With the support of PRCS volunteers from Azad Jammu and Kashmir state, the ICRC collected 575 cases of mines victims throughout the districts adjacent to the Line of Control.
With ICRC financial support, the PRCS celebrated World Red Cross and Red Crescent day. The Sindh branch used the occasion to distribute first-aid kits to traffic police.
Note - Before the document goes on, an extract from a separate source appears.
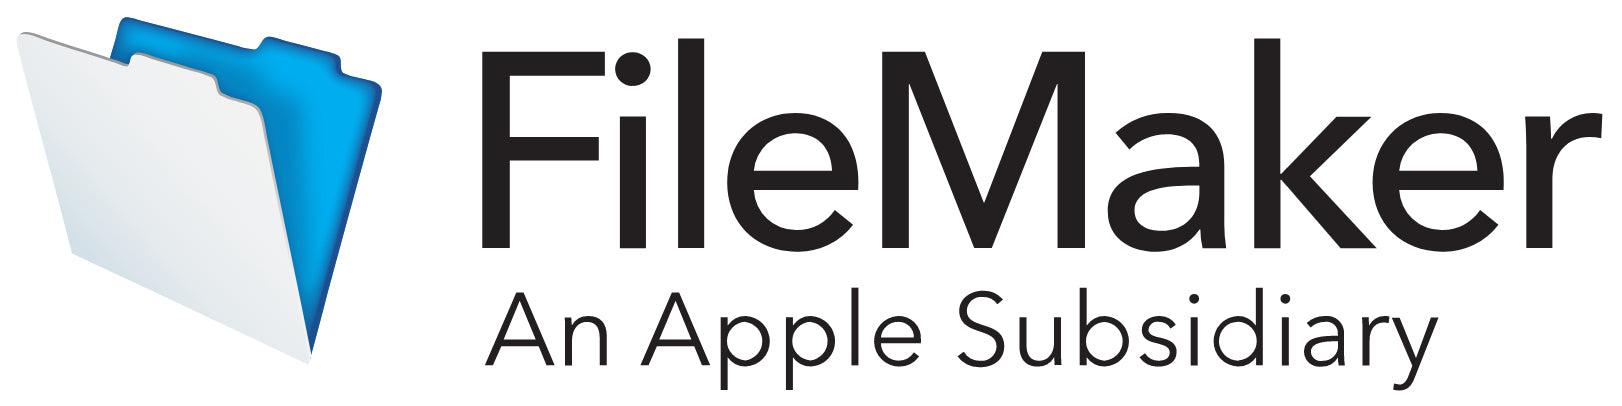 Filemaker Fm170718Ll Software License/Upgrade 1 Year(S)
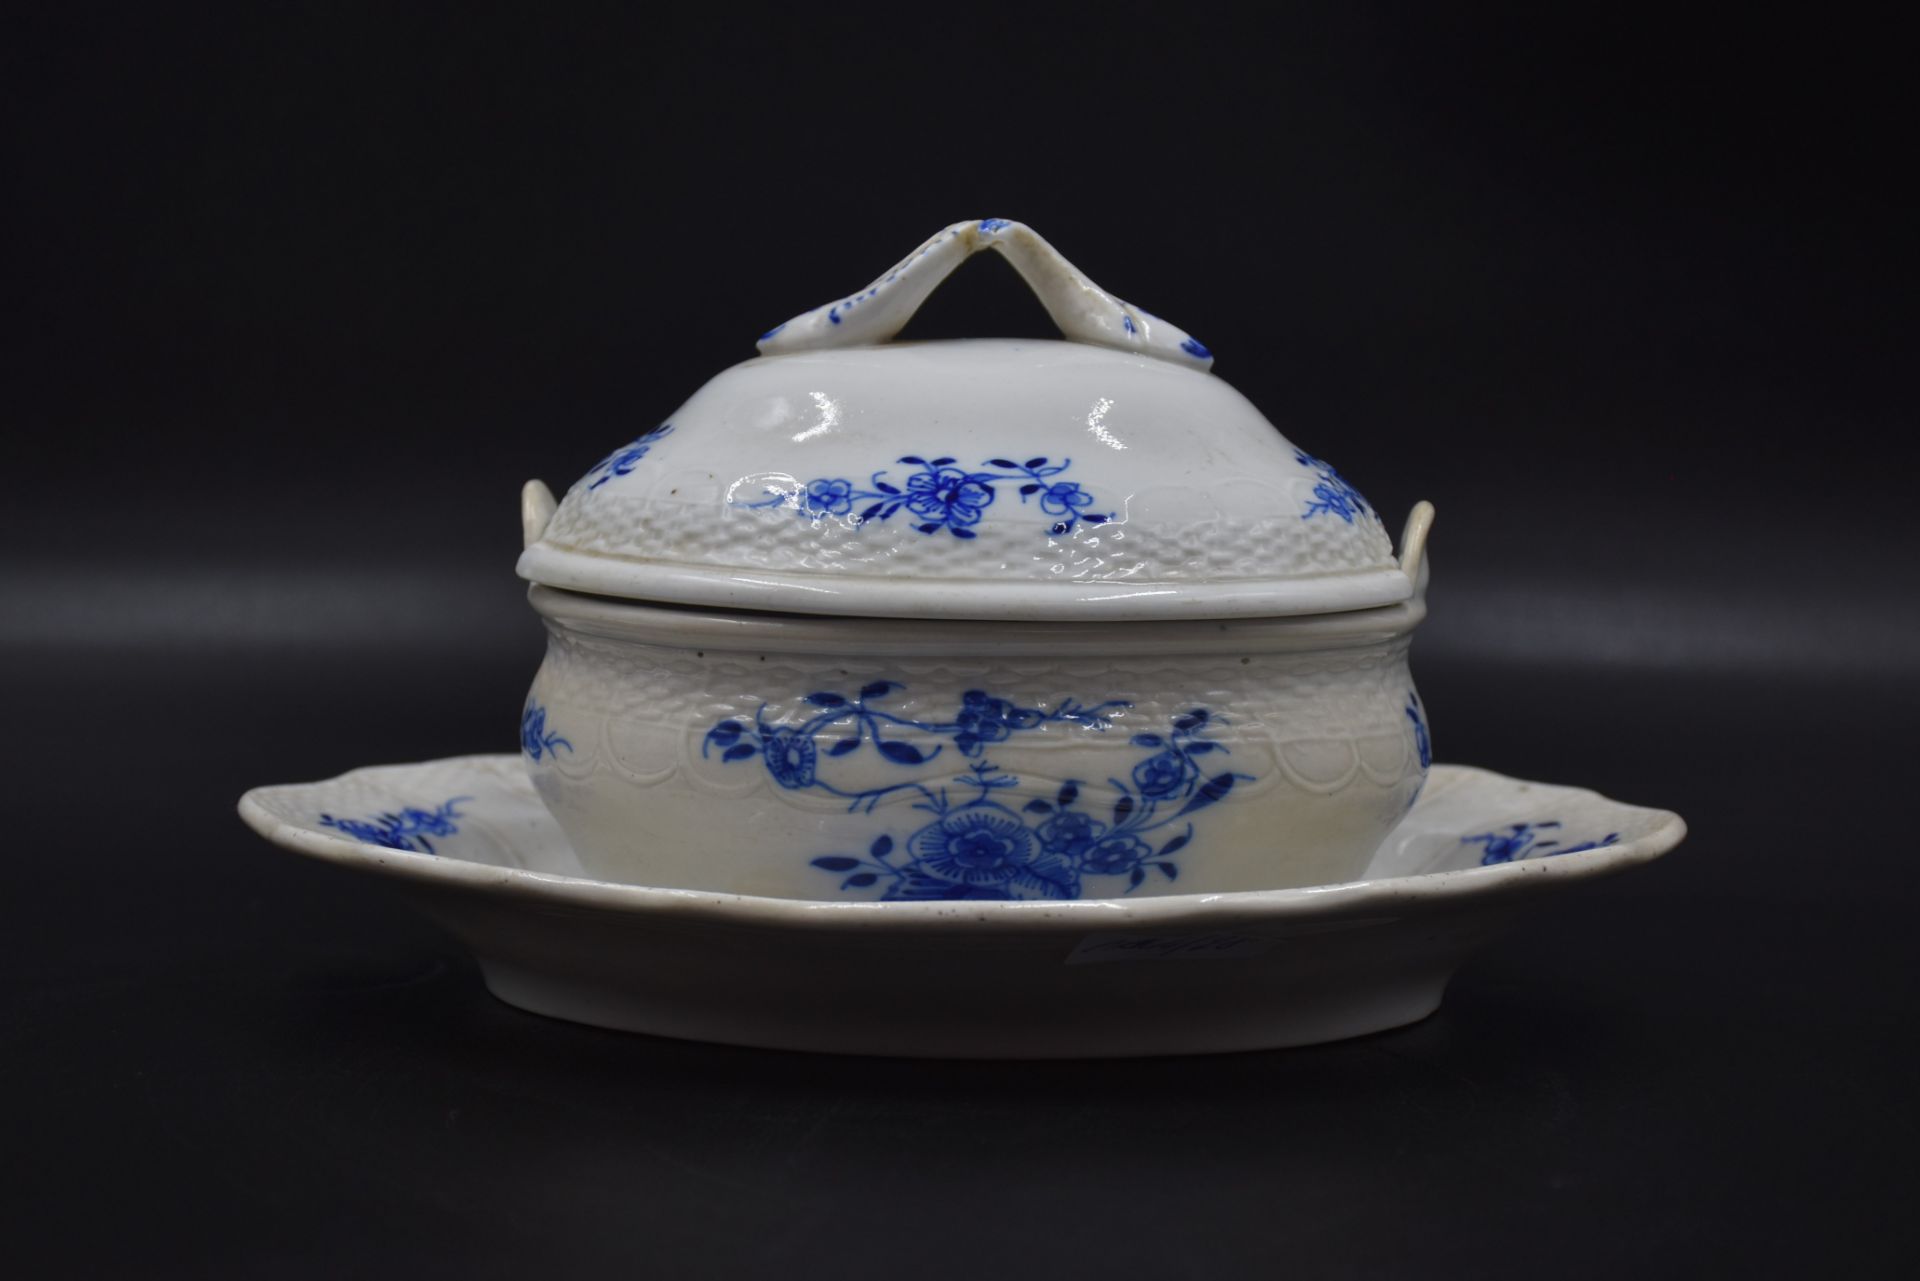 Small covered bowl in porcelain of Tournai with Ronda decoration matched with its tray. Wicker and t - Image 2 of 5

Promotion of international humanitarian law
The ICRC continues to maintain and strengthen contacts with the national authorities as it seeks to promote international humanitarian law (IHL) and gain support for its activities. It supports and assists the armed forces in integrating IHL into their doctrine and training and endeavours to strengthen knowledge and respect for IHL among other sectors of the society. To this end in the period under review the ICRC:
- conducted 12 IHL sessions and courses at key training military establishments
- sponsored 2 professors to participate in the 12th South Asian teaching session on IHL held in India
- conducted an IHL course for lawyers, judges and State officials in Islamabad
- held 2 seminars on IHL and Islamic law at International Islamic University, Islamabad and in Madrassah Islamia, Palandri
- sponsored 3 students to represent Pakistan in the Jean Pictet international IHL moot-court competition in Switzerland
- held an IHL session and a roundtable on reporting in armed conflicts, for the media; announced awards for a journalists’ competition on the impact of media on the protection of civilians in armed conflicts
- organized a seminar on detention for prison staff
- conducted an IHL session for the hierarchy of the PRCS.